The Battling Phase (Finding Optimal Move Strategies)

First, we analyzed how each matchup plays out when both players play optimally. We built turn-based payoff matrices for each matchup, calculating expected damage for every move combination with Showdown’s Damage Calculator.

Pokémon Move Damage Matrix — Damage ranges between Garchomp and Sylveon's moves

Pokémon battles have random elements: move accuracy, critical hits, and damage ranges. We handled these with expectimax trees that calculate expected outcomes for each decision.

Battle decision tree showing Hyper Beam outcomes between Primarina and Sylveon

Some moves like Sucker Punch (which only works if the opponent uses an attacking move) create rock-paper-scissors mind games requiring mixed strategy Nash equilibria. When the payoff matrices got too complex, we turned to reinforcement learning to find strategies we’d never spot by hand.
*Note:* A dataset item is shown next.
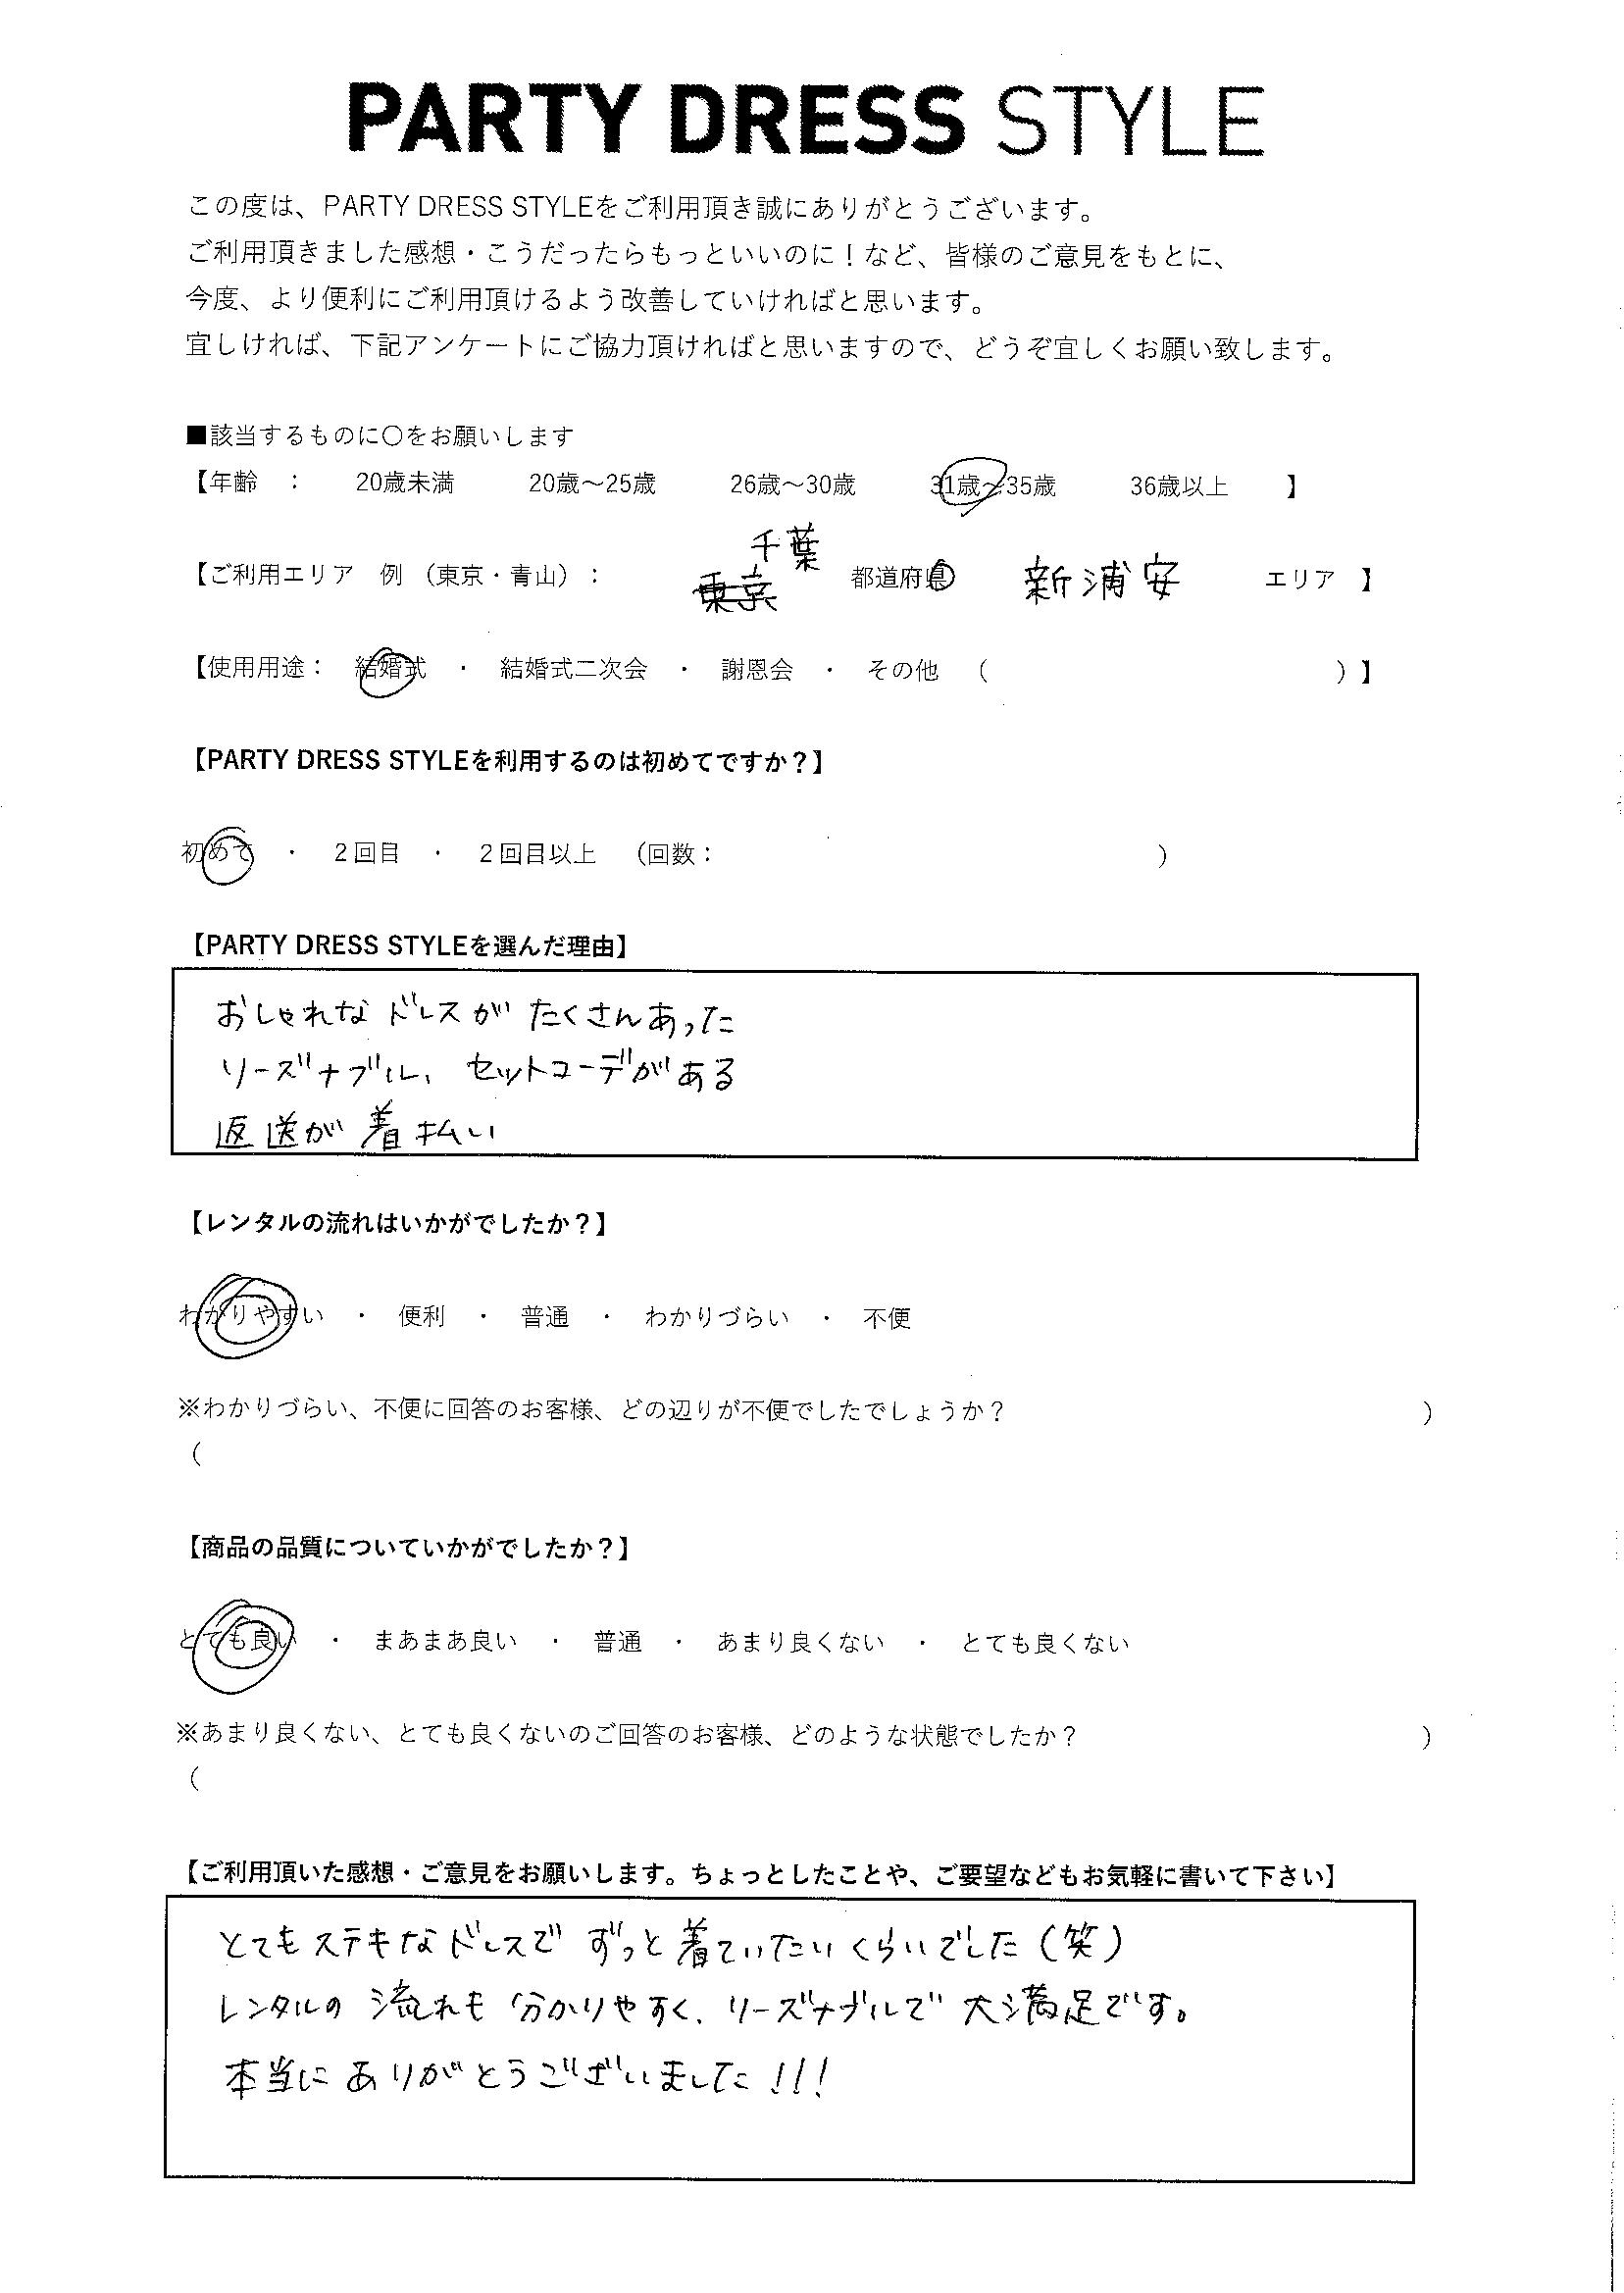 11/24結婚式ご利用 千葉・新浦安エリア

The Math Behind Nash Equilibrium

Because Pokémon battles are zero-sum, we can compute exact Nash equilibria efficiently with linear programming. The idea: maximize Player 1’s guaranteed game value v subject to constraints on each player’s move probabilities.
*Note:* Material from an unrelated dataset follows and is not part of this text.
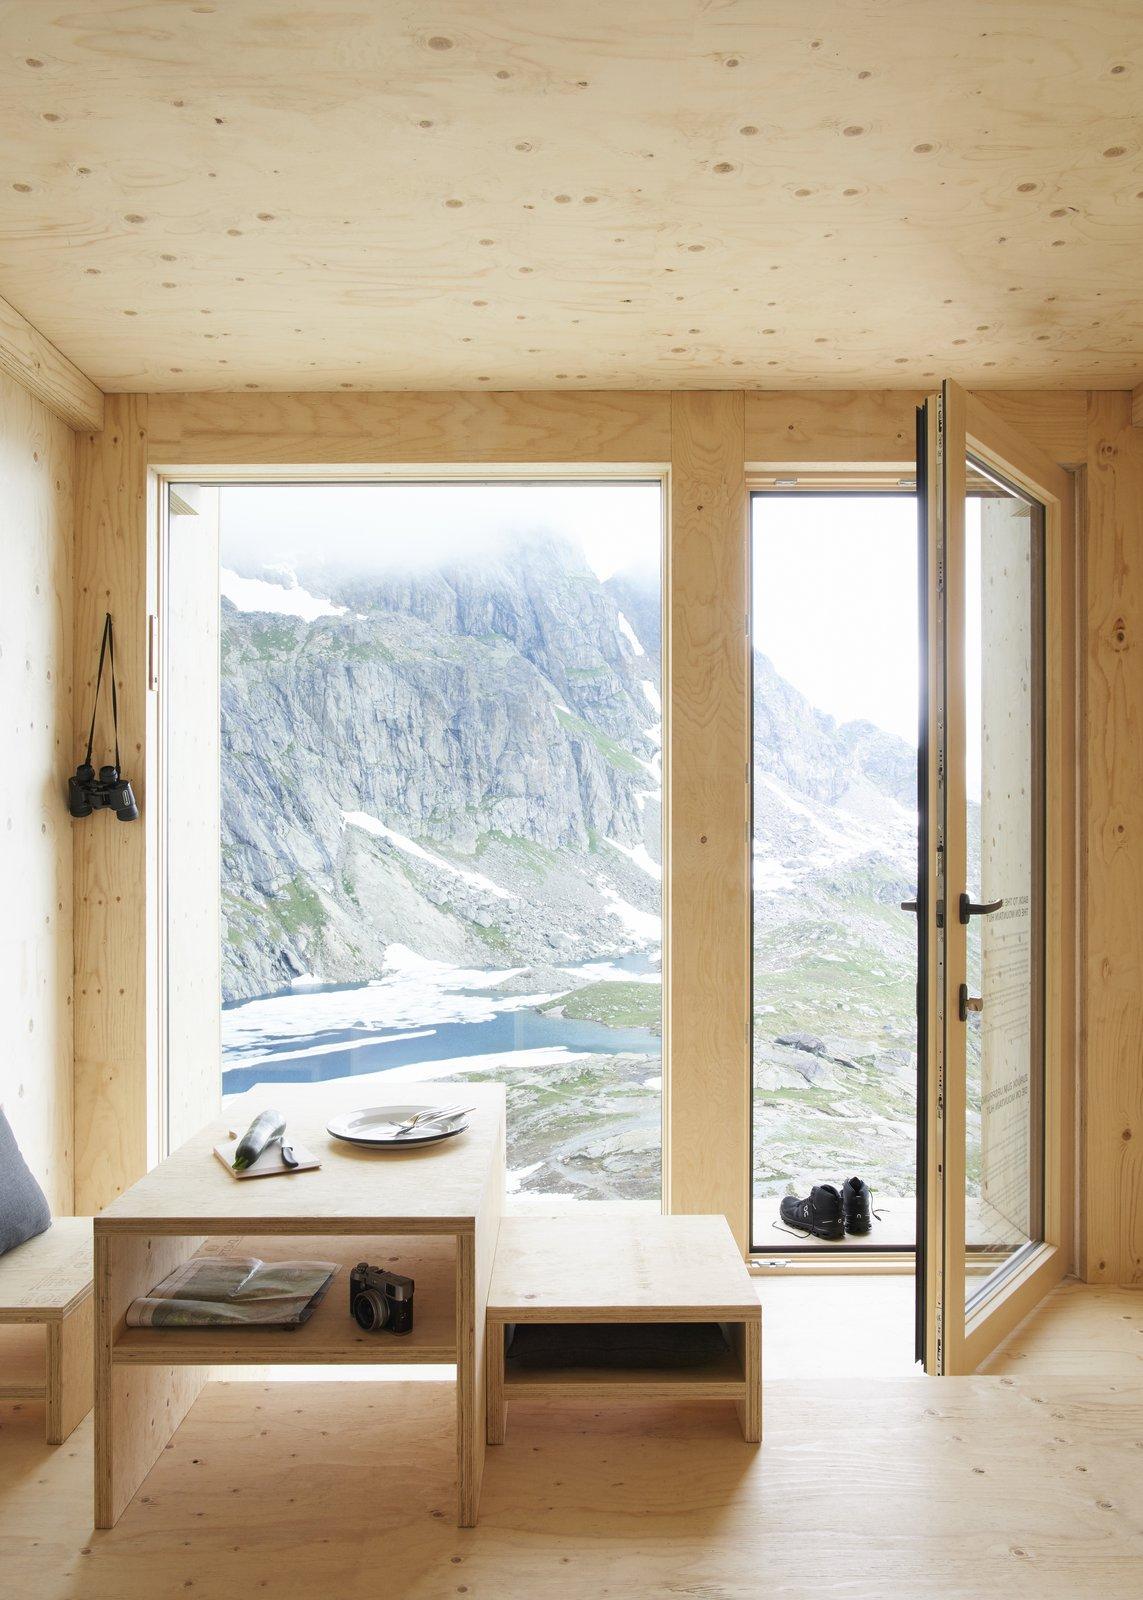 On Mountain Hut interior

def compute_nash_equilibrium(payoff_matrix):
    """
    payoff_matrix[i,j] = payoff when P1 plays i, P2 plays j
    Returns: (p1_strategy, p2_strategy, game_value)
    """
    num_rows, num_cols = payoff_matrix.shape

    # Maximize game value v, subject to:
    #   Expected payoff >= v against any P2 strategy
    #   Probabilities sum to 1, each in [0, 1]
    # ... LP constraint setup omitted for brevity ...

    res = linprog(c, A_ub=A_ub, b_ub=b_ub, A_eq=A_eq, b_eq=b_eq,
                  bounds=bounds, method='highs')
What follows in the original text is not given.